# Material supplied:
*-*-*

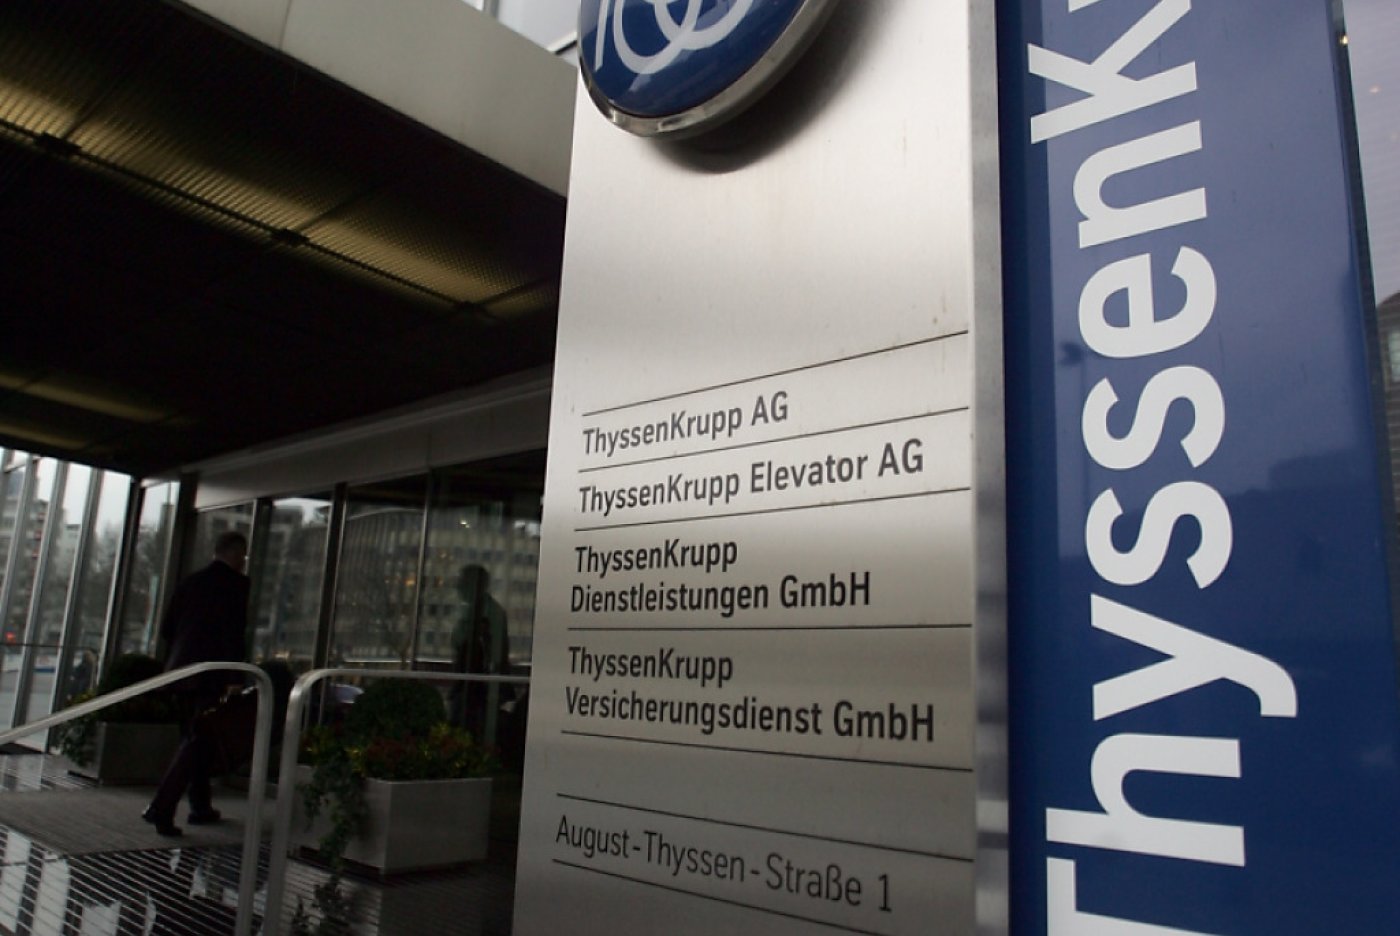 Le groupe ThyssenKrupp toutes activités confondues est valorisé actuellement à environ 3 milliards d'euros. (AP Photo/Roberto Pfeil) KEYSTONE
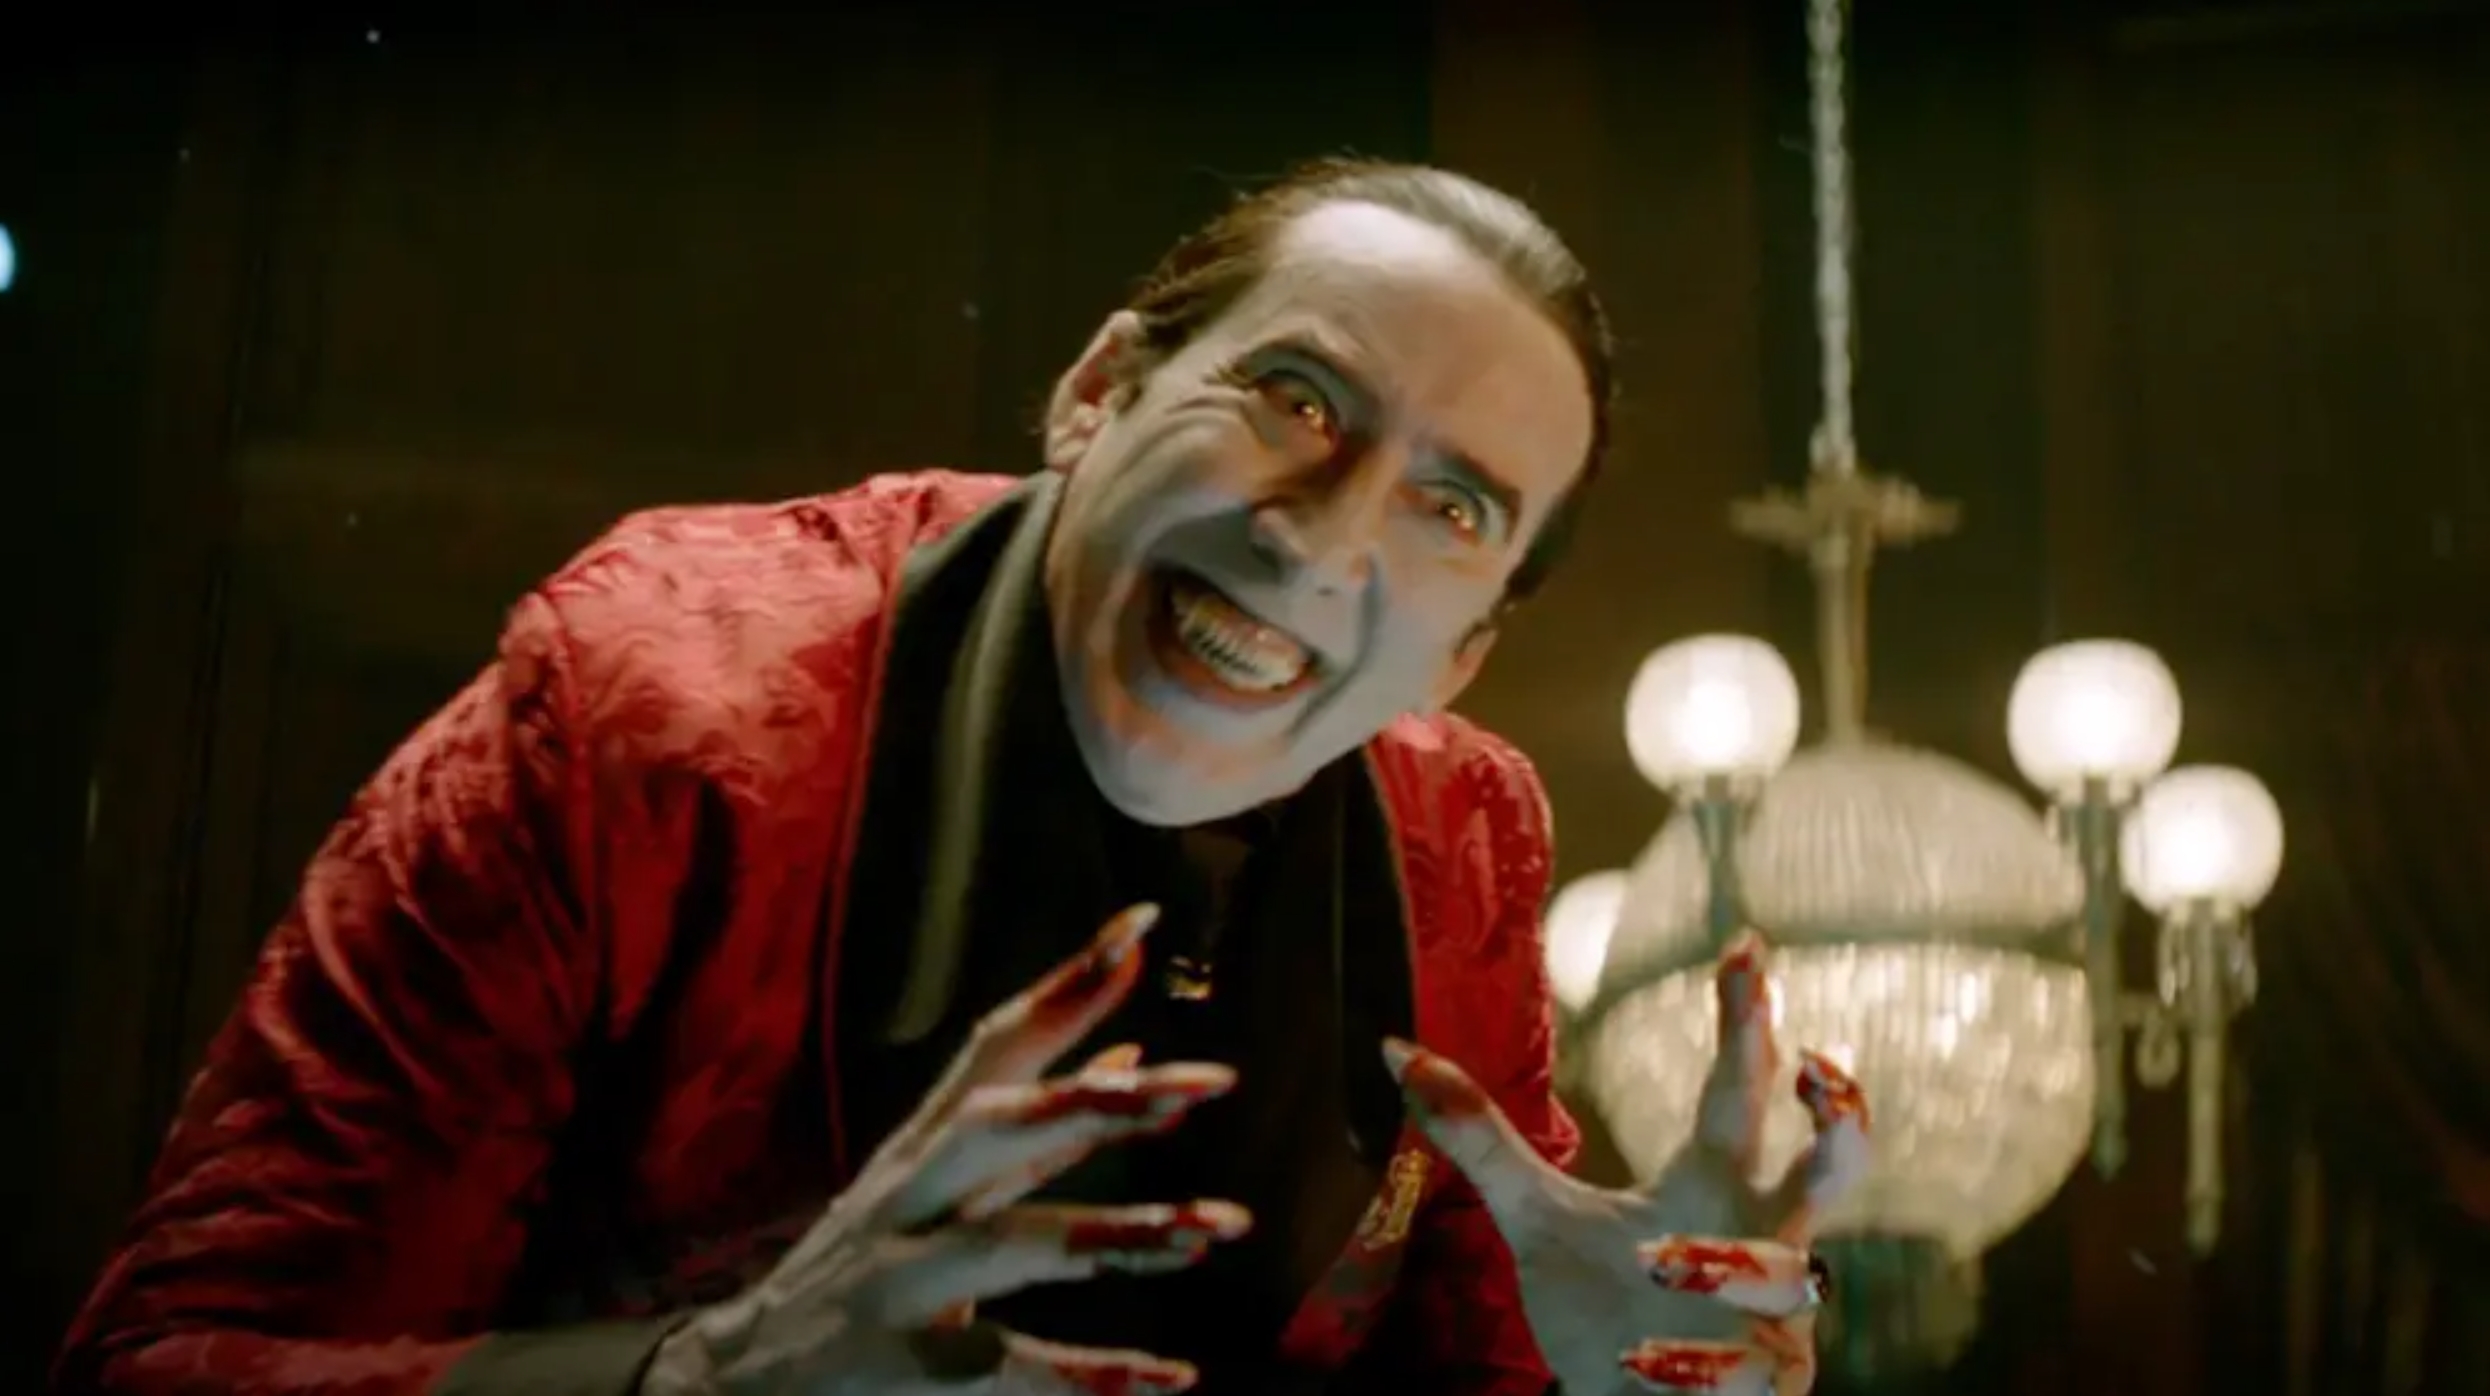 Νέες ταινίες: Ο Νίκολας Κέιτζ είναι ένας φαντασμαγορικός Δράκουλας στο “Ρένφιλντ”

*-*-*

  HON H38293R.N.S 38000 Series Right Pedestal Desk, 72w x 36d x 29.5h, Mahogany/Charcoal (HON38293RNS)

*-*-*

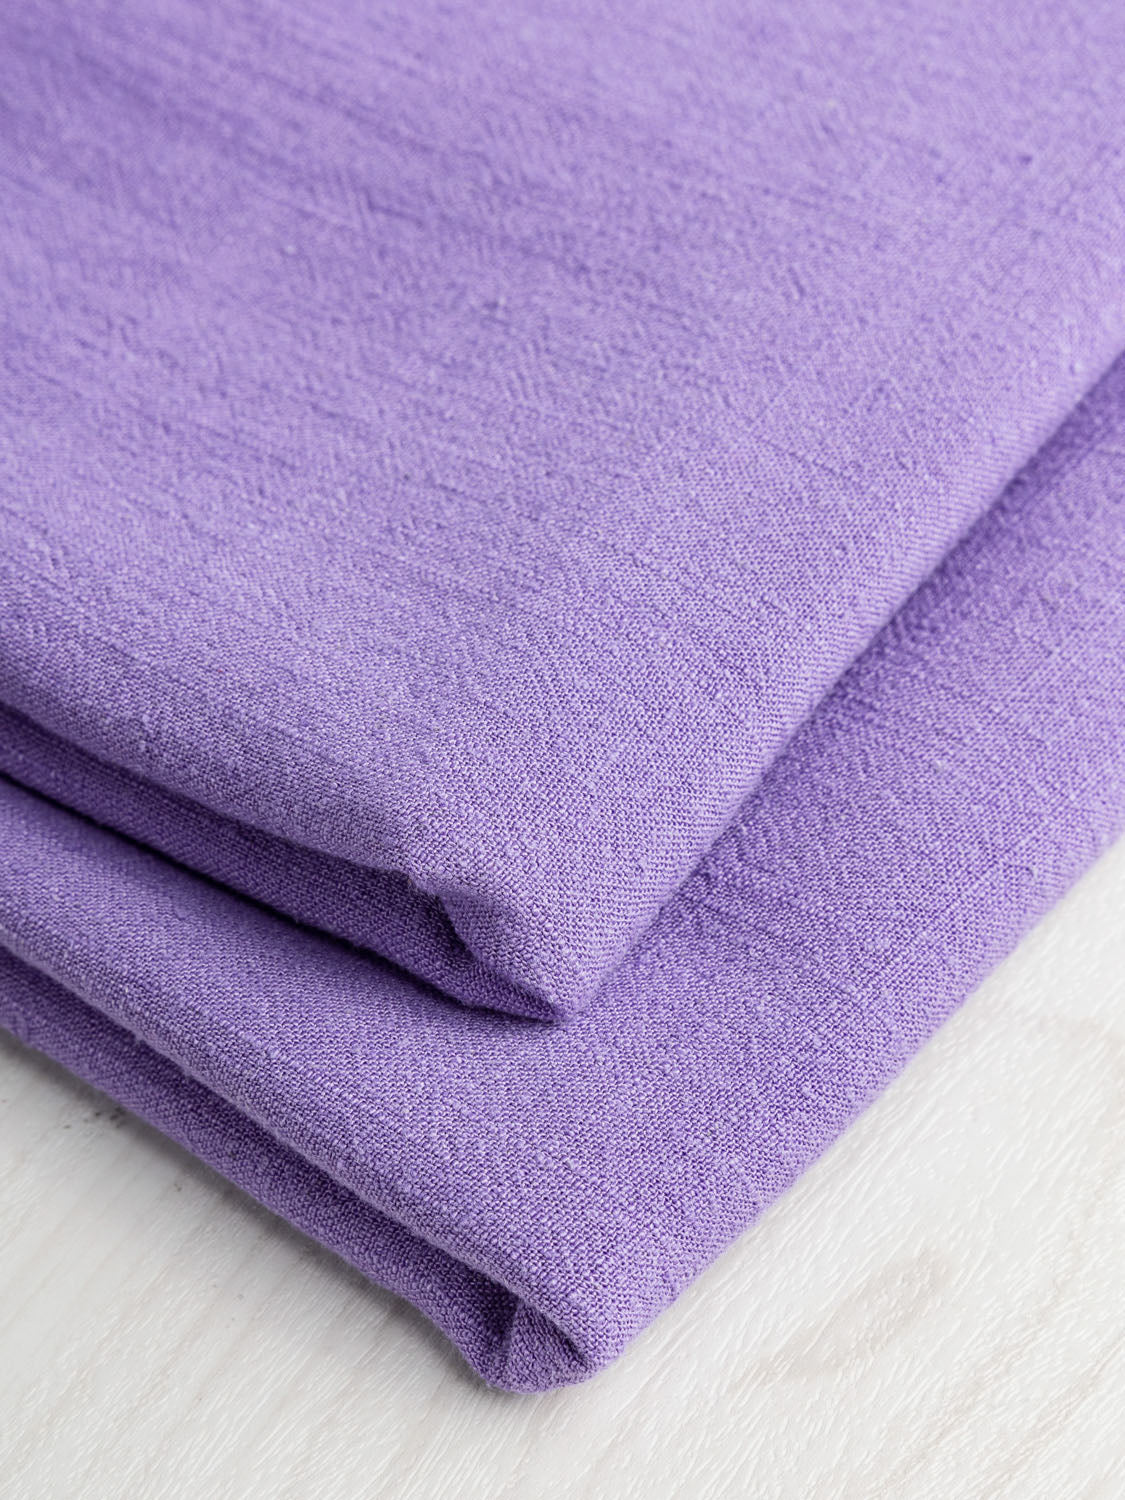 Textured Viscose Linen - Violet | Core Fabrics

*-*-*

# Task to carry out:
Output exactly the stretch of the listing that begins at the line containing "Le groupe ThyssenKrupp" and ends at the line containing "Νέες ταινίες: Ο", both kept. Omit pictures and everything else.

# Task answer:
 Le groupe ThyssenKrupp toutes activités confondues est valorisé actuellement à environ 3 milliards d'euros. (AP Photo/Roberto Pfeil) KEYSTONE
 Νέες ταινίες: Ο Νίκολας Κέιτζ είναι ένας φαντασμαγορικός Δράκουλας στο “Ρένφιλντ”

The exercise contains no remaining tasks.